- Brad Feld's initial post on the topic back in 2004
- Reactions by Fred Wilson (post 1, post 2, post 3)
- More recent posts by Brad Feld and Fred Wilson, as well as Mark Suster
In my opinion it's not that much about whether a Board Meeting is boring or not (but the little pun makes for a good headline so I used it too). It's easy to have a good time in a Board Meeting – you talk about a variety of business issues, you learn from other Board Members' experiences, people tell anecdotes etc. It happens rarely that I'm bored in a Board Meeting, but non-boring does not yet equal effective.
The questions that I often ask myself after a Board Meeting are: What are the real, tangible, actionable results of the meeting? Was it worth the time, usually easily 4-5 man days if you count everyone's traveling time, or could the same have been achieved in a 1-2 hour conference call? For SF Bay Area startups, holding physical Board Meetings may be a no-brainer because everyone is close by anyway. But in Europe, getting all Board Members into one room usually means that at least half of them have to spend a day traveling.
The root cause why it's often hard to give a clear, positive answer to the question above (whether the meeting was worth it) is the dramatic information asynchronity between the founders and the investors with respect to the startup's business. It's just natural that the founders know ten times more about their business, but if the information asychronity is too large, the founders have to spend too much time of the Board Meeting updating the investors.
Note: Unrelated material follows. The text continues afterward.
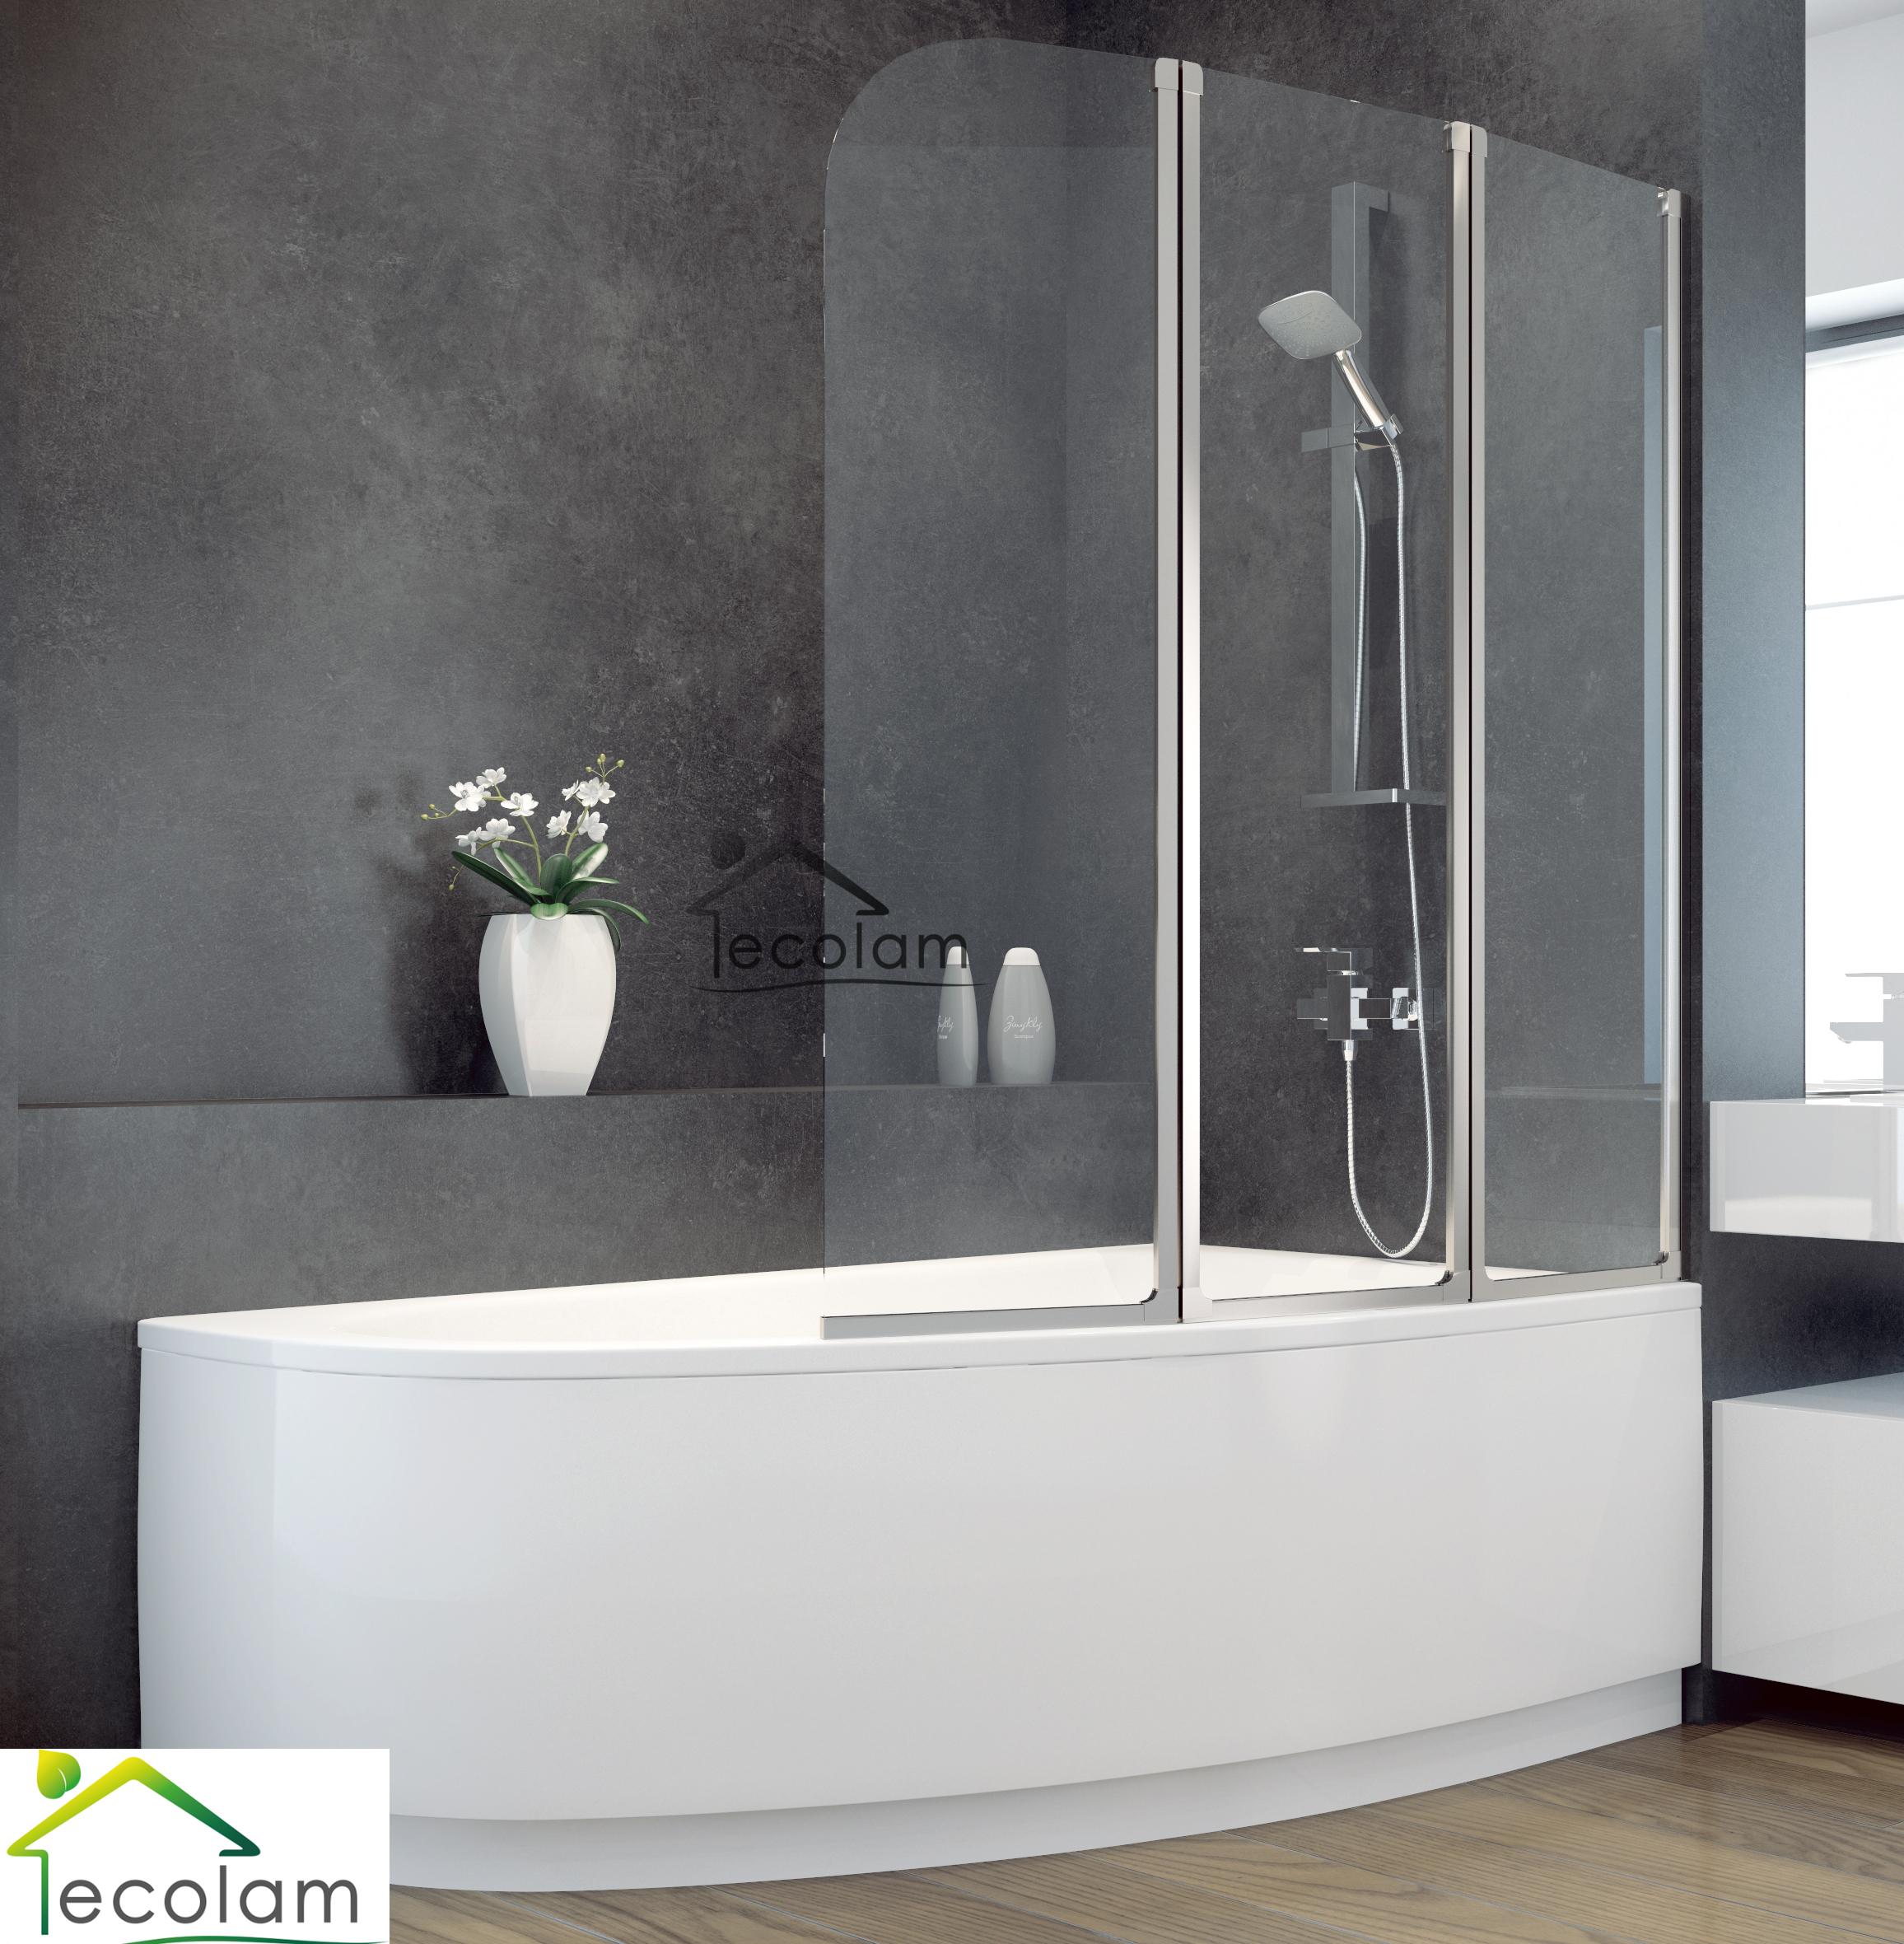 badewanne badewannenabtrennung duschwand glas eckwanne 140 x 80 cm rechts ebay. Black Bedroom Furniture Sets. Home Design Ideas

Then it becomes an update meeting. (That has its own merits, but running through numbers and current developments isn't something you need an in-person meeting for. In my experience, one-to-many as well as one-to-one conversations can just as well be done over the phone or Skype. Many-to-many discussions about complicated stuff is where the advantages of a physical meeting come into play.)
Also, if the investors aren't sufficiently in touch with the company it'll be hard for them to provide valuable input, and most of the ideas and suggestions they come up with will be things which the founders have already thought about themselves months earlier.
So the most important thing that you as a founder can do in order to enable an effective Board Meeting is to provide a detailed Board Pack before the meeting itself. The Board Pack should be sent out at least 48 hours before the meeting to give the investors a chance to get simple questions clarified prior to the meeting. The investors of course need to do their part as well, i.e. read the Board Pack carefully and clarify questions before the meeting. The idea is to get almost the entire "update part" done prior to the actual meeting so that you have the whole meeting for the strategic or tactical questions that you'd like to discuss.
80% of the meeting's time should be allocated to these 3-4 questions and the goal should be that you leave the meeting with a conclusion/decision on these questions, or at least with significant progress and clear next steps. That means you may have to politely interrupt people to refocus the discussion. If information asynchronity is the #1 enemy of effective Board Meetings, the human tendency to digress is enemy #2. You have to fight both.
Finally, if there are no important questions that you'd like to discuss with your investors, don't hold a Board Meeting. Do an update call instead. Usually there's lots of things to discuss, but don't force it.
One last point, pre-Board updates every ~ 2 months are not enough to keep investors in the loop. If you want your investors to really know what's going on (and thus enable them to be much more helpful), send out a weekly update email with KPIs (or a link to your Geckoboard :-) ) and information on last week's progress, current problems and next week's priorities. That weekly email can and should be very brief so that it doesn't cost you much time to write it, but even just a couple of bullet points can be immensely helpful if they are provided routinely once a week (as a company gets bigger, bi-weekly or monthly updates are sufficient but in the early days I think weekly works best). Just like the founders should do their best to keep the investors in the loop, the investors of course should do their best to stay up-to-date as well – follow the company on Twitter, subscribe to the company's blog, read everything that's written by and about the company and its key competitors, and participate in the discussions on the company's "Board Basecamp" (a Basecamp site set up for the company's founders and investors, something which many of my portfolio companies have done and which is very valuable).